As the audio match cut problem is unexplored, we developed evaluation sets based on subsets of publicly available datasets, Audioset [20] and Movieclips111Movieclips is collected from the Movieclips YouTube Channel, to evaluate audio match cut generation methods. Audioset contains user-generated videos from YouTube and Movieclips contains high-quality movie snippets. For each dataset, we split each video into 1-second non-overlapping image-audio pairs where the image is the middle frame of the respective second of video, resulting in over 2M Audioset and 800k Movieclips samples. We selected to perform retrieval over 1-second pairs to balance between granularity and search complexity.

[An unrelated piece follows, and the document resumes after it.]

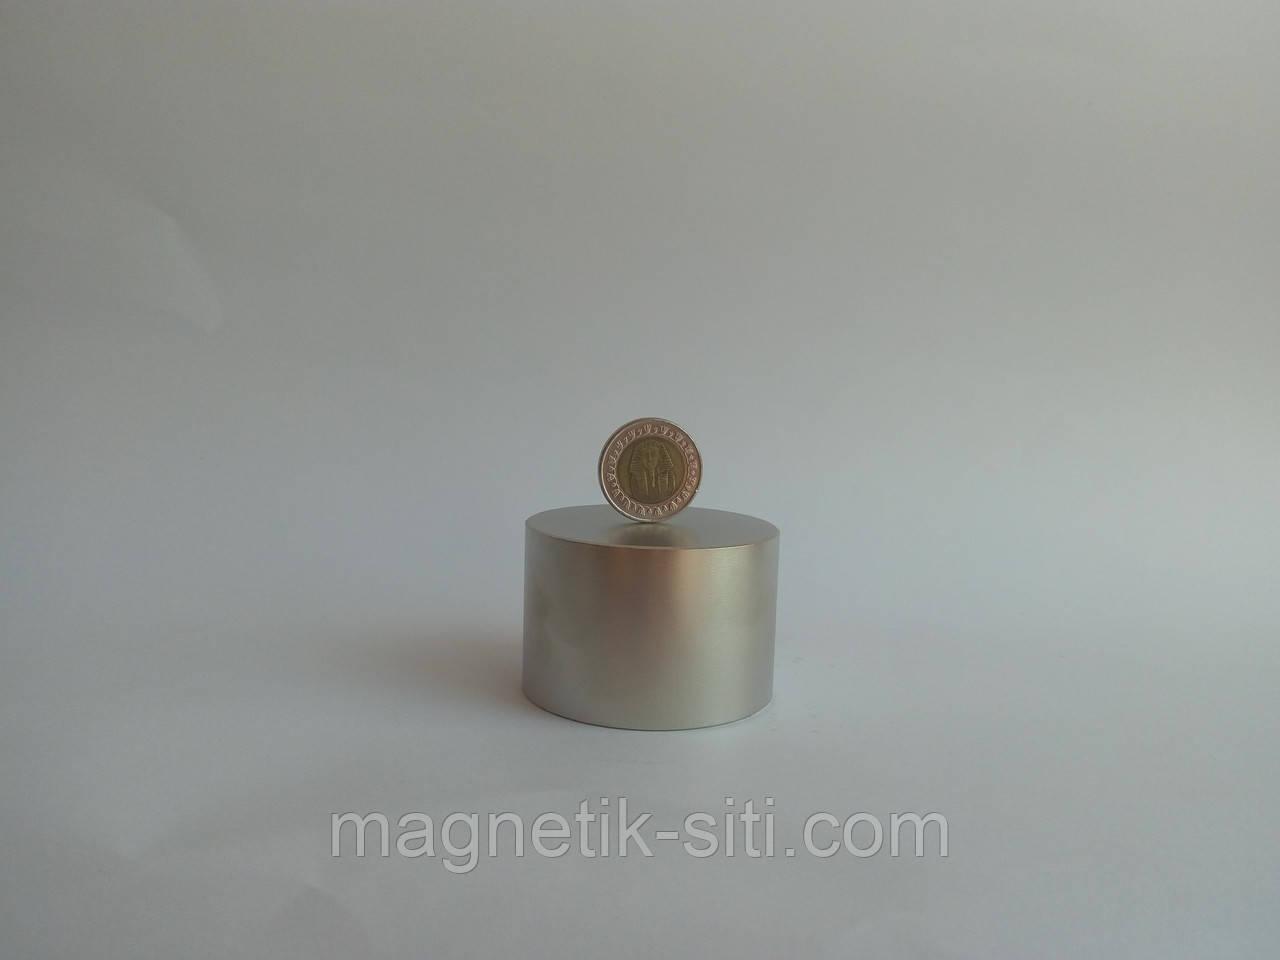 Магнит неодимовый 60*40 N42

Next, we collect a query set of samples of a variety of natural sounds and sound effects, including sounds like engines revving, impulsive sounds like a hammer striking, doorbells, campfires, and other unique sounds seen in videos and movies. For each query, we label a set of match candidates based on two criteria that constitute a positive audio match: i) the pair must sound plausible if the audio is swapped between the query and match images. ii) the pair must sound perceptually similar in terms of pitch, rhythm, timbre, etc.

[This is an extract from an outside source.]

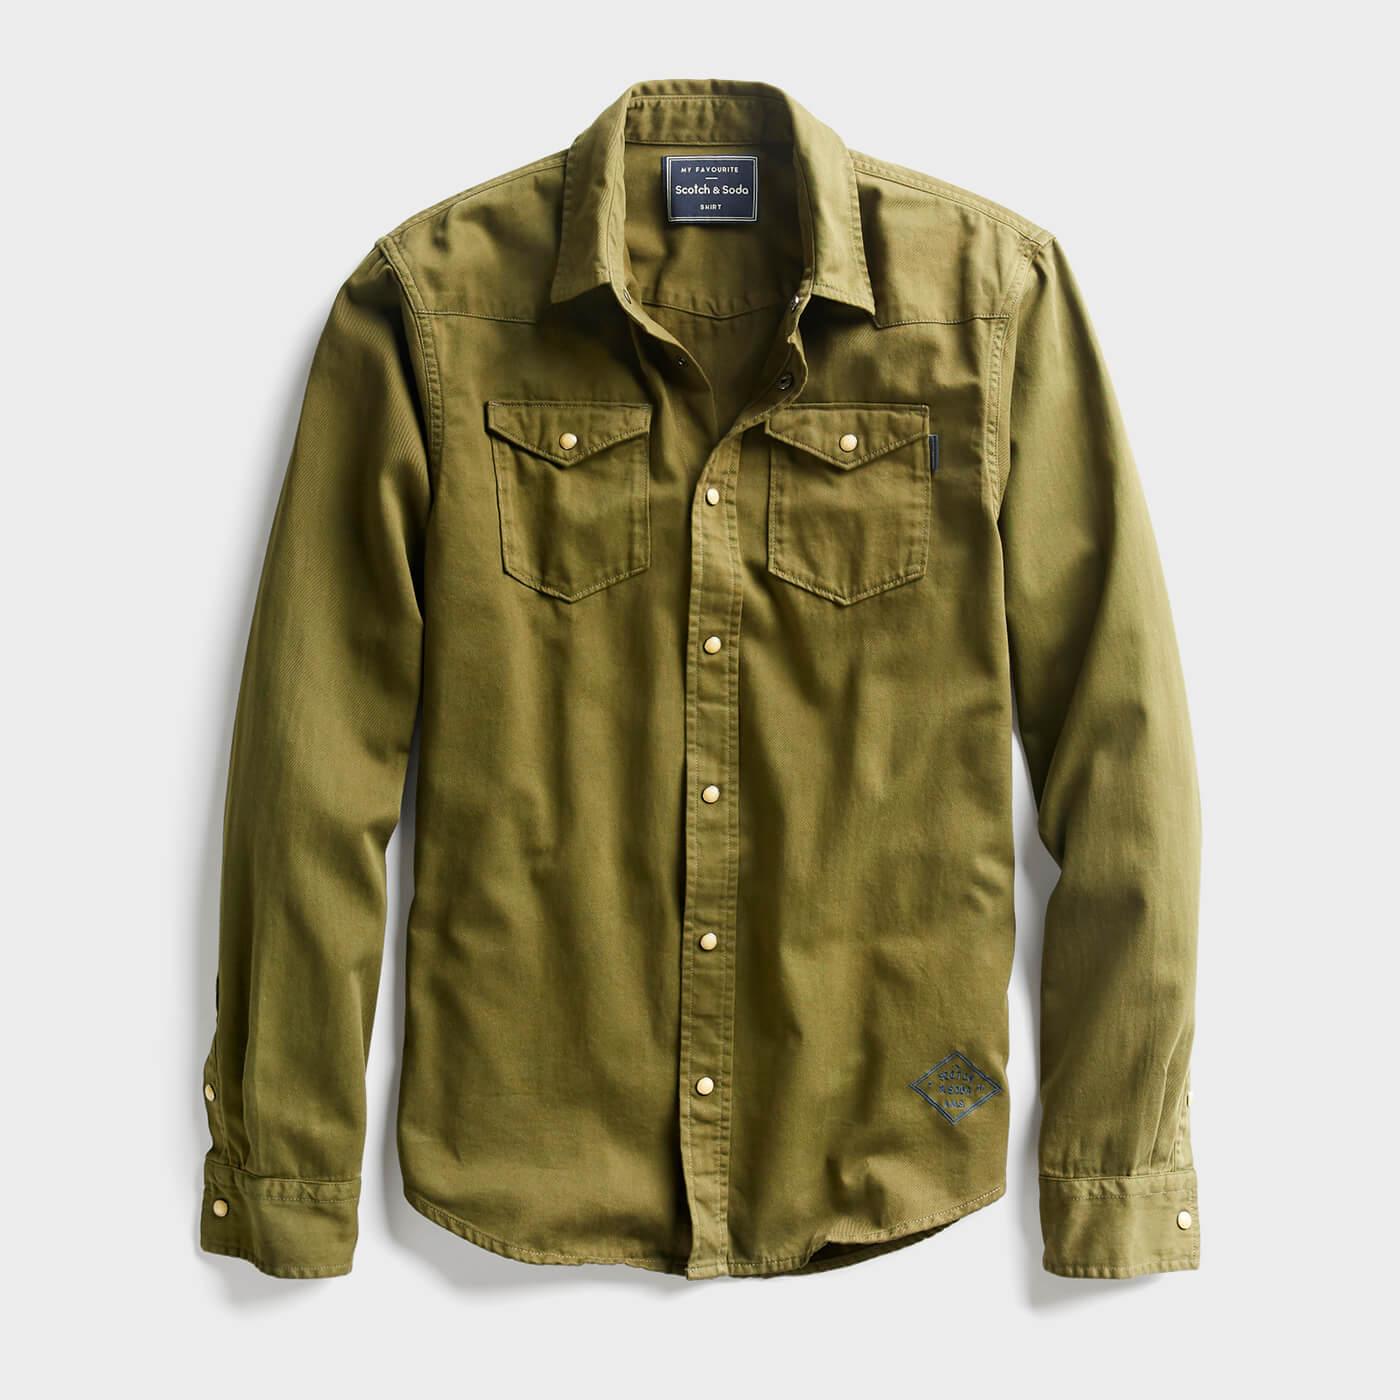 olive green work shirt

As labeling random pairs across all samples results in an unfeasible search space (over 4 trillion pairs), we use existing audio representations to help generate candidate audio matches. We hypothesize that since the main characteristic of audio match cuts is that the audio of both scenes are perceptually-similar, widely-available audio representations may be used as they often are trained with the goal of similar audio samples having high similarity. We use two simple representations, the MFCC and Mel-Spectrogram, and two deep representations, the audio encoders from CLAP [21] and ImageBind [22]. For MFCC and Mel-Spectrogram, we use a window of 2048 samples and hop length of 1024 samples. We flatten both representations along the time steps and use the resulting feature vectors for retrieval. For CLAP [21] and ImageBind [22], we use their respective spectrogram generation parameters and use the resulting audio encoder feature vectors for retrieval. We use the MIPS operation described in Section 2.1 to create the audio match cut candidates for labeling. All audio used in this work is sampled at 48kHz.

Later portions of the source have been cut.